Update: I’ve been told by some beta readers that it’s not entirely obvious what I don’t like. While it’s easy to point to papers that I think are good (I do above, in the 3 bullet points), I’m uncomfortable pointing at specific papers I think are bad. Luckily, most of the really bad ones don’t make it past review. But to be clear: it’s the papers that don’t advance the field in any dimension that I object to. These fail the “so what?” test by demonstrating that humans can do work that we knew humans could do (contrary to popular belief, this is not a contribution). Or they don’t show anything surprising about the instrument (the Turk). These almost always get the “well, duh!” response from me as they really just confirm what we know. There are a lot of these.

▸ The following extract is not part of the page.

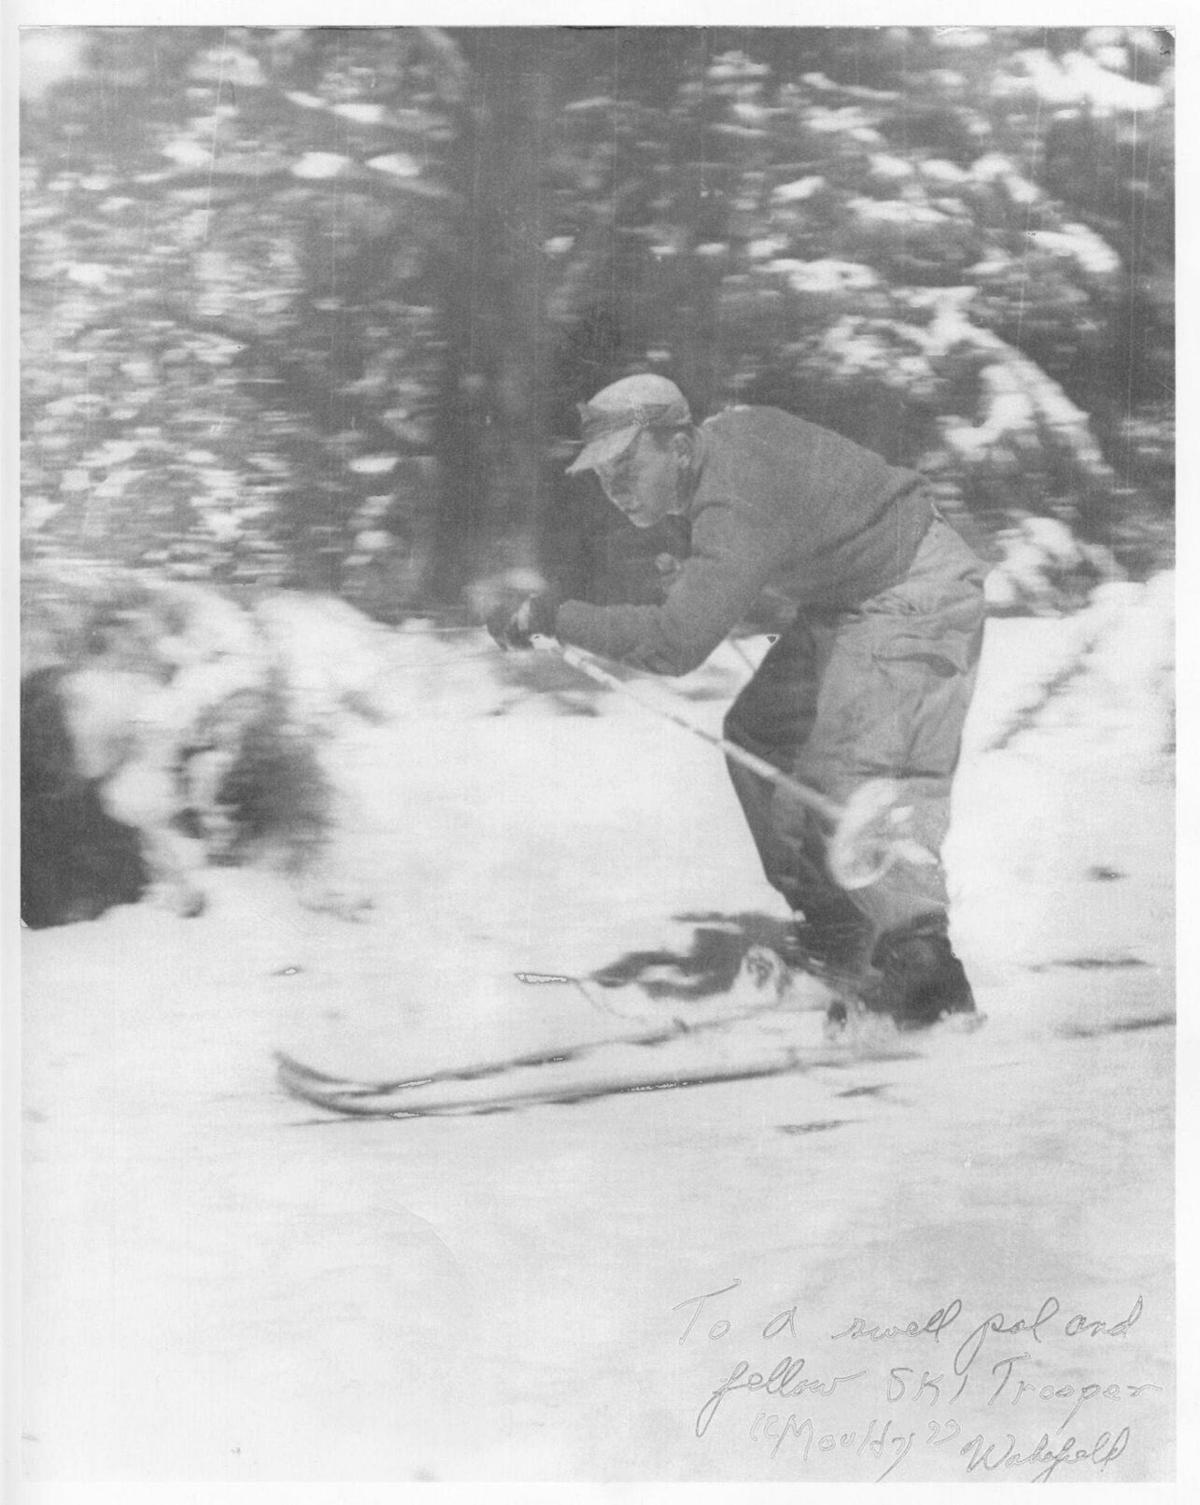 Bruce Wakefield skiing.jpg

Update 2: Someone (he can self-identify if he wants) pointed out to me that the difficult part of Turk system building is that while a human is good at a task humans (plural) are not. Reminds me of one of my favorite quotes: “A person is smart. People are dumb, panicky, dangerous animals, and you know it.” I totally agree, this is an interesting challenge which needs to be addressed by technical and non-technical interventions: we either make individual components less noisy or just learn to derive signal. Here we can, though we rarely do, turn to other scientific disciplines. Von Neumann taught us about majority voting, and the hundreds of system architecture and OS researchers that followed him only added to this literature (voting, RAID, parallel development, etc.). Similarly, “manipulating” and “incentivizing” people to behave better (making the component less noisy) is also thoroughly addressed in psych, survey design, and marketing research. This doesn’t mean there’s nothing new here. We have people coming in and out, issues of money, cultural issues, etc. The combination is novel and unique enough that we need that new operating manual. But why do we need to rediscover everything? New to us does not mean new.